Conversation Analysis (CA) is a research method that has been increasingly used in UX research to understand social interaction and talk-in-interaction within the context of user experience. By analyzing naturalistic interactions between users and products or services, Conversation Analysis aims to describe the stable practices and underlying normative organizations of interaction, helping researchers gain insights into users' behavior, attitudes, and needs.
CA is particularly useful in UX research because it allows researchers to examine the ways in which users interact with digital products, including how they navigate interfaces, communicate their needs and preferences, and respond to system feedback. By analyzing audio or video recordings of user interactions with products, researchers can identify patterns and regularities in users' behavior, as well as the social norms and expectations that shape their interactions. In spite of the name, the Conversation Analysis research method includes nonverbal communication and the way people say things. Are they making a distinctive facial expression or speaking with strong emotion?
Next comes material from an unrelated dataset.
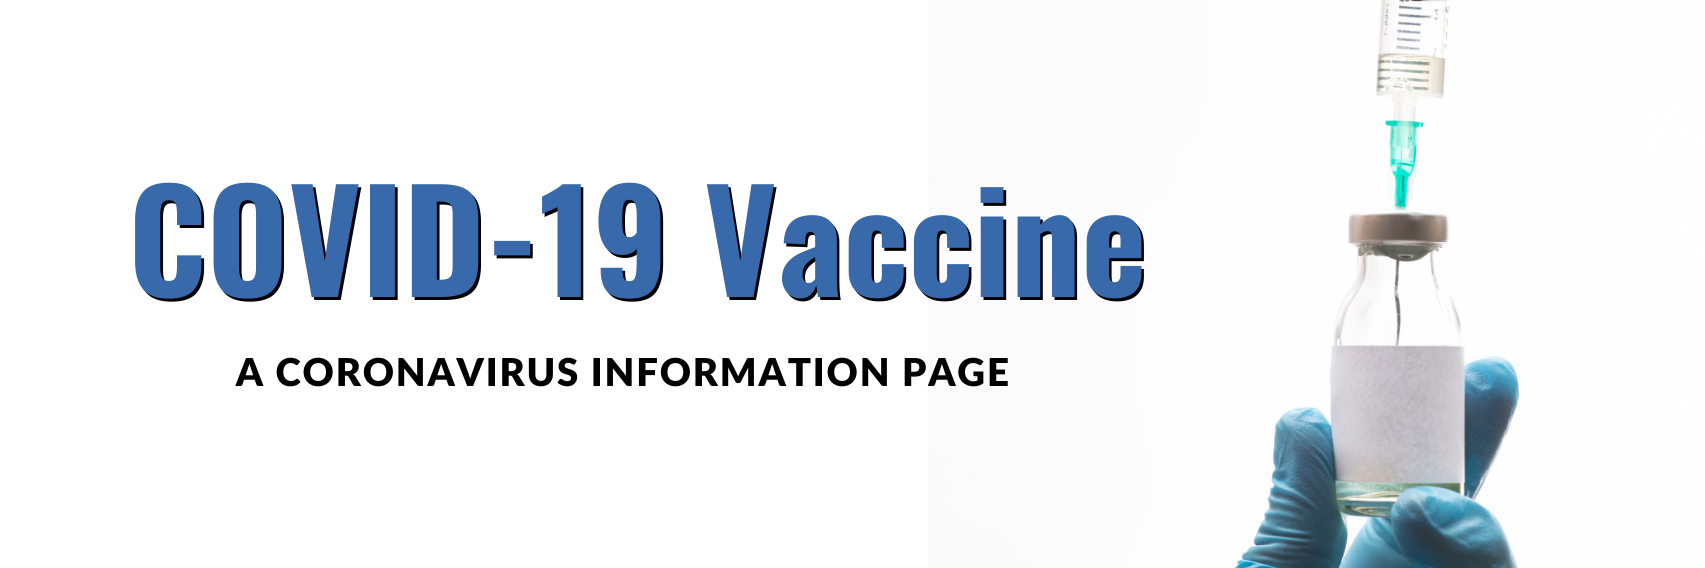 Covid 19 Vaccine Banner
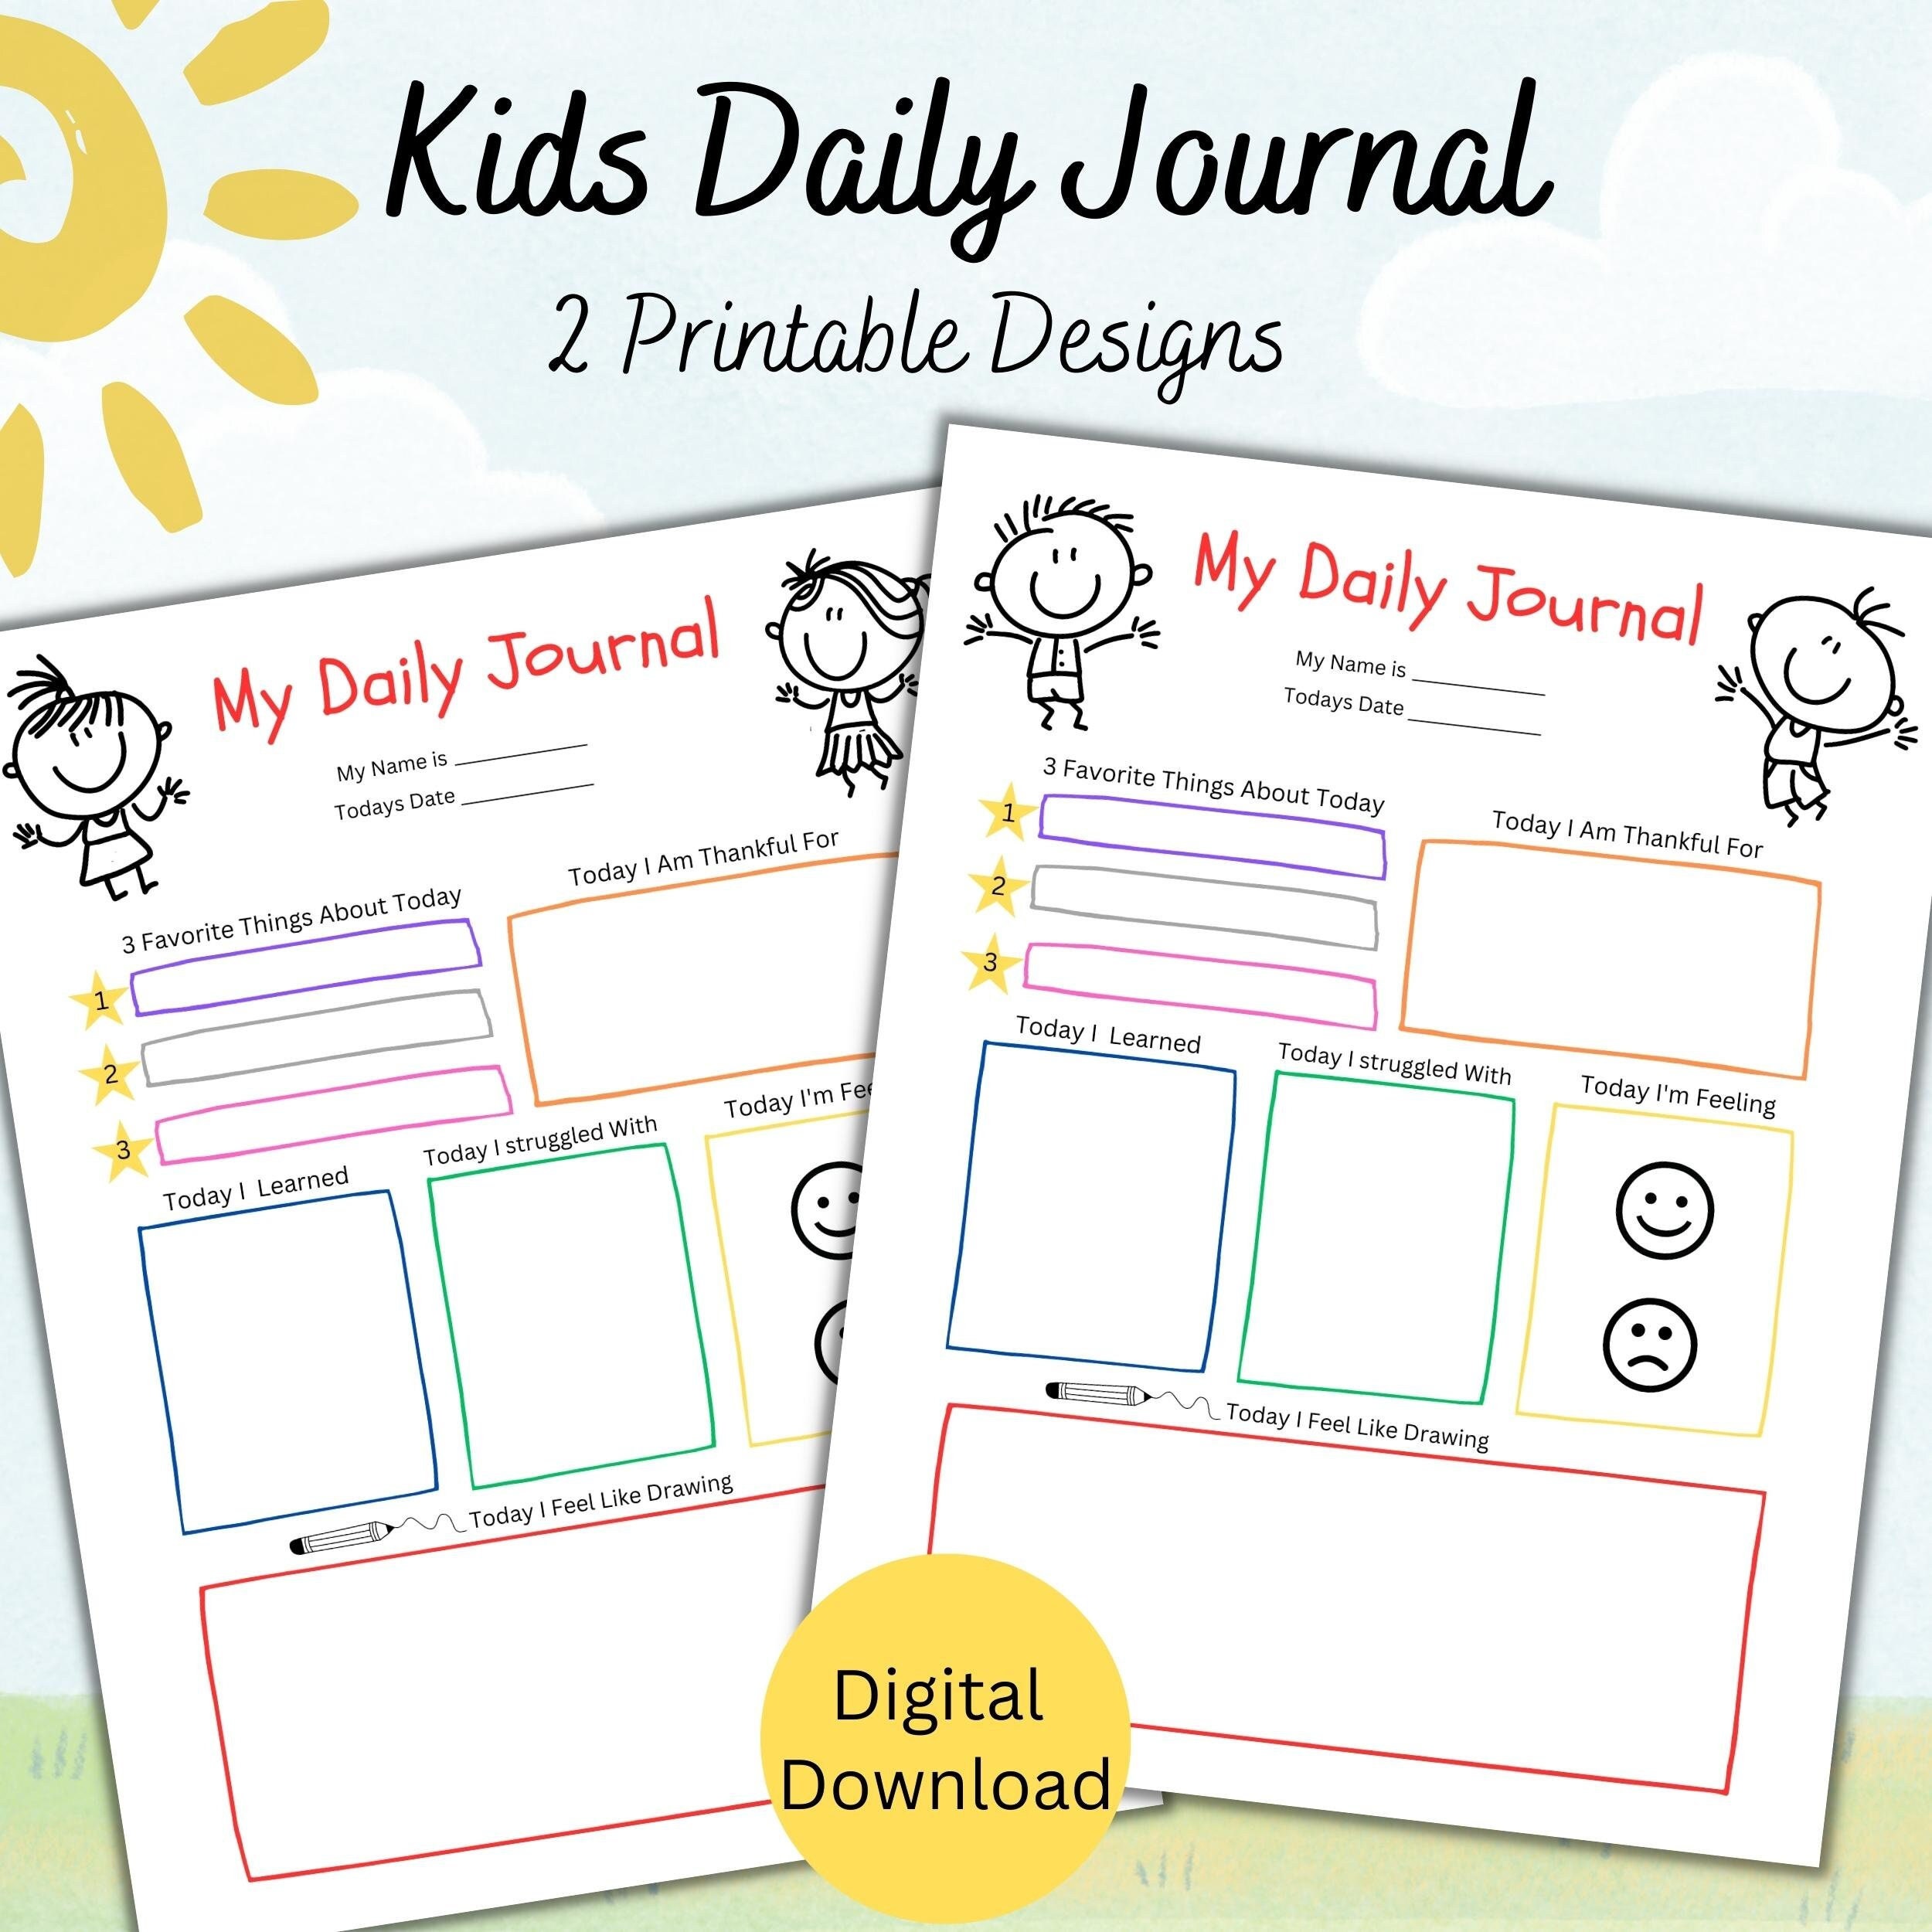 FREE Printable Journal for Kids

One of the key domains of research within CA is turn-taking, which refers to the way in which participants in a conversation take turns speaking and responding. By analyzing turn-taking in user interactions with products, researchers can identify patterns in users' behavior, such as interruptions or delays in response time, which can provide insights into the usability and effectiveness of the product.
Another important domain of research within CA is repair, which refers to the ways in which participants in a conversation repair misunderstandings or errors in communication. By analyzing repair in user interactions with products, researchers can gain insights into the challenges users face when using the product, such as confusing interface design or unclear instructions.
Finally, CA can also be used to analyze action formation and ascription, which refers to the ways in which participants in a conversation assign meaning to actions and behaviors. By analyzing how users interpret and respond to system feedback, researchers can gain insights into how users perceive the product and the value it provides.
Overall, CA is a powerful research method for UX researchers, as it allows them to gain deep insights into the ways in which users interact with digital products. By analyzing naturalistic interactions, researchers can identify patterns and regularities in users' behavior, helping them design products that are more usable, effective, and satisfying for users.